From Wikipedia, the free encyclopedia
Jump to navigation Jump to search
IndustryPet food
Foundedc.1860; 162 years ago (1860) in London, England
FounderJames Spratt

Spratt's was the world's first large-scale manufacturer of dog biscuits. Its "Meat Fibrine Dog Cake" was the brainchild of American entrepreneur James Spratt who launched the biscuit in London circa 1860. The company began operations in the United States of America in the 1870s and, after Spratt's death in 1880, the company went public and became known as Spratt's Patent, Limited, and Spratt's Patent (America) Limited. Spratt's pioneered the concept of animal life stages with appropriate foods for each stage.

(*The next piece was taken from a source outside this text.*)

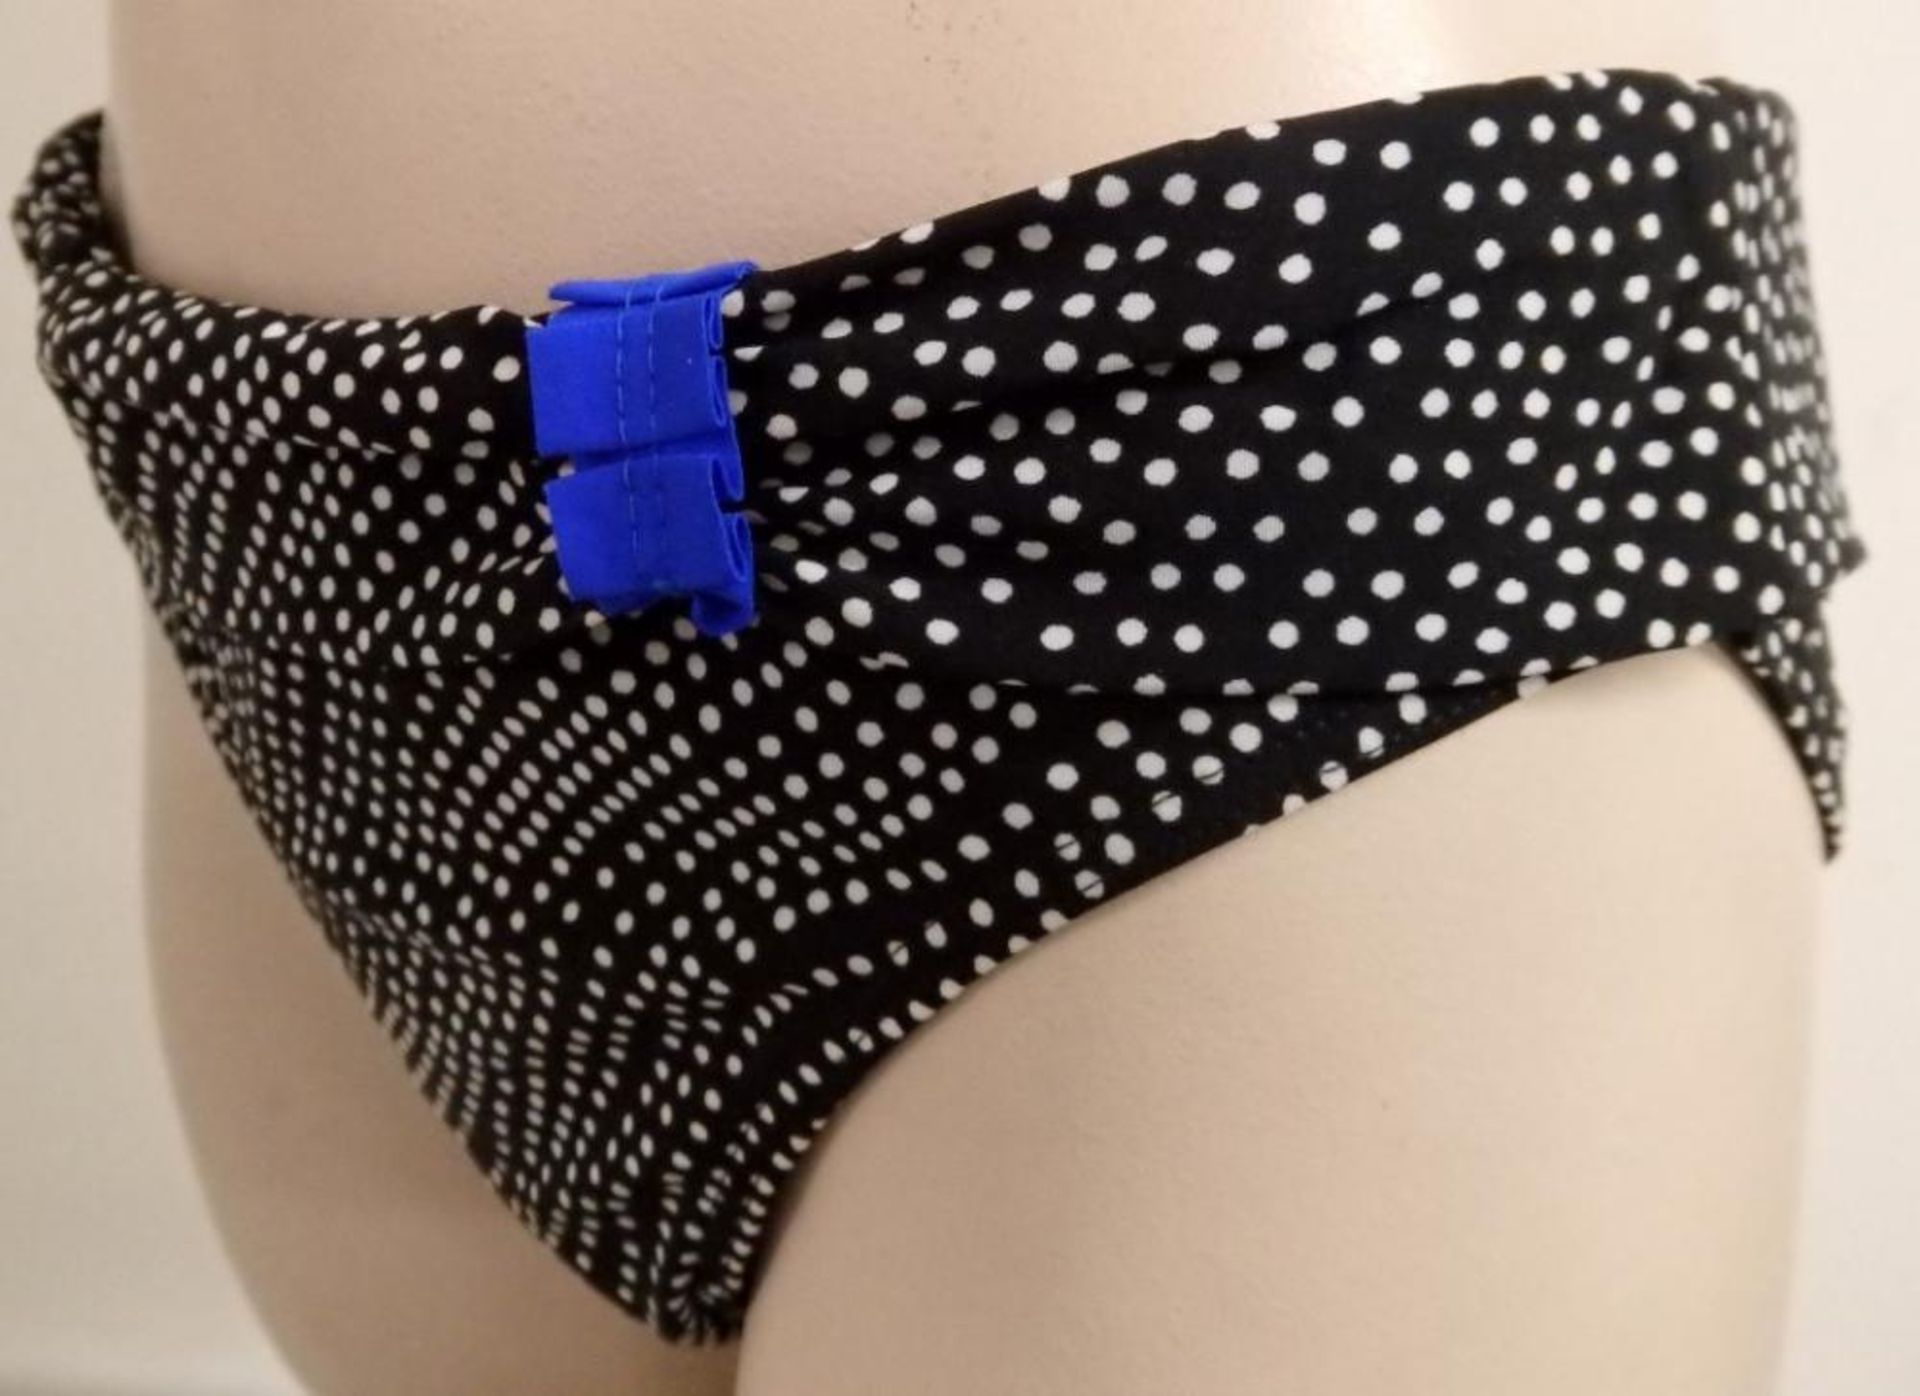 1 x Rasurel - Black Polka dot with royal blue trim &frill Tobago Bikini - B21068 - Size 2C - UK 32 - - Image 9 of 10

The company successfully promoted their array of products for dogs and other domestic animals through the astute use of snob appeal. The company was the first to erect a billboard in London. Varieties of biscuits included 'Dog Cakes' (meat fibre and fish and meat), puppy biscuits in regular and with cod liver oil, 'Malt-milk' for puppies, 'Weetmeet' (which came in two versions one for large dogs and one for small dogs and puppies), 'Bonio', 'Spix', 'Ovals' in regular and mixed varieties (flavours being yeast & meat, fish, spice & cod liver oil, fibrine, and charcoal), 'Fibo' granulated kibble food, 'Rodnim' hound meal, Alsax, Speedall, as well as a tinned food variety.

British operations[edit]

James Spratt (? - 1880) was an electrician and lightning rod salesman from Cincinnati, Ohio who became the first to manufacture dog biscuits and other products for canines on a worldwide scale circa 1860. The creation of Spratt's brainchild – the "Patented Meat Fibrine Dog Cake" – was inspired after his observation of street dogs devouring ship hardtack on the docks of Liverpool, England.[1][2] His company was established in Holborn, London and his first dog cake, a concoction of blended wheat meals, vegetables, beetroot and meat, was prepared and baked on the premises of Walker, Harrison and Garthwaite, a firm which then claimed to have baked the first dog biscuit. Spratt was not only the first to manufacture pet foods but the first to farm out his production. His "Dog Cakes" were initially sold to English country gentlemen for their sporting dogs.[3]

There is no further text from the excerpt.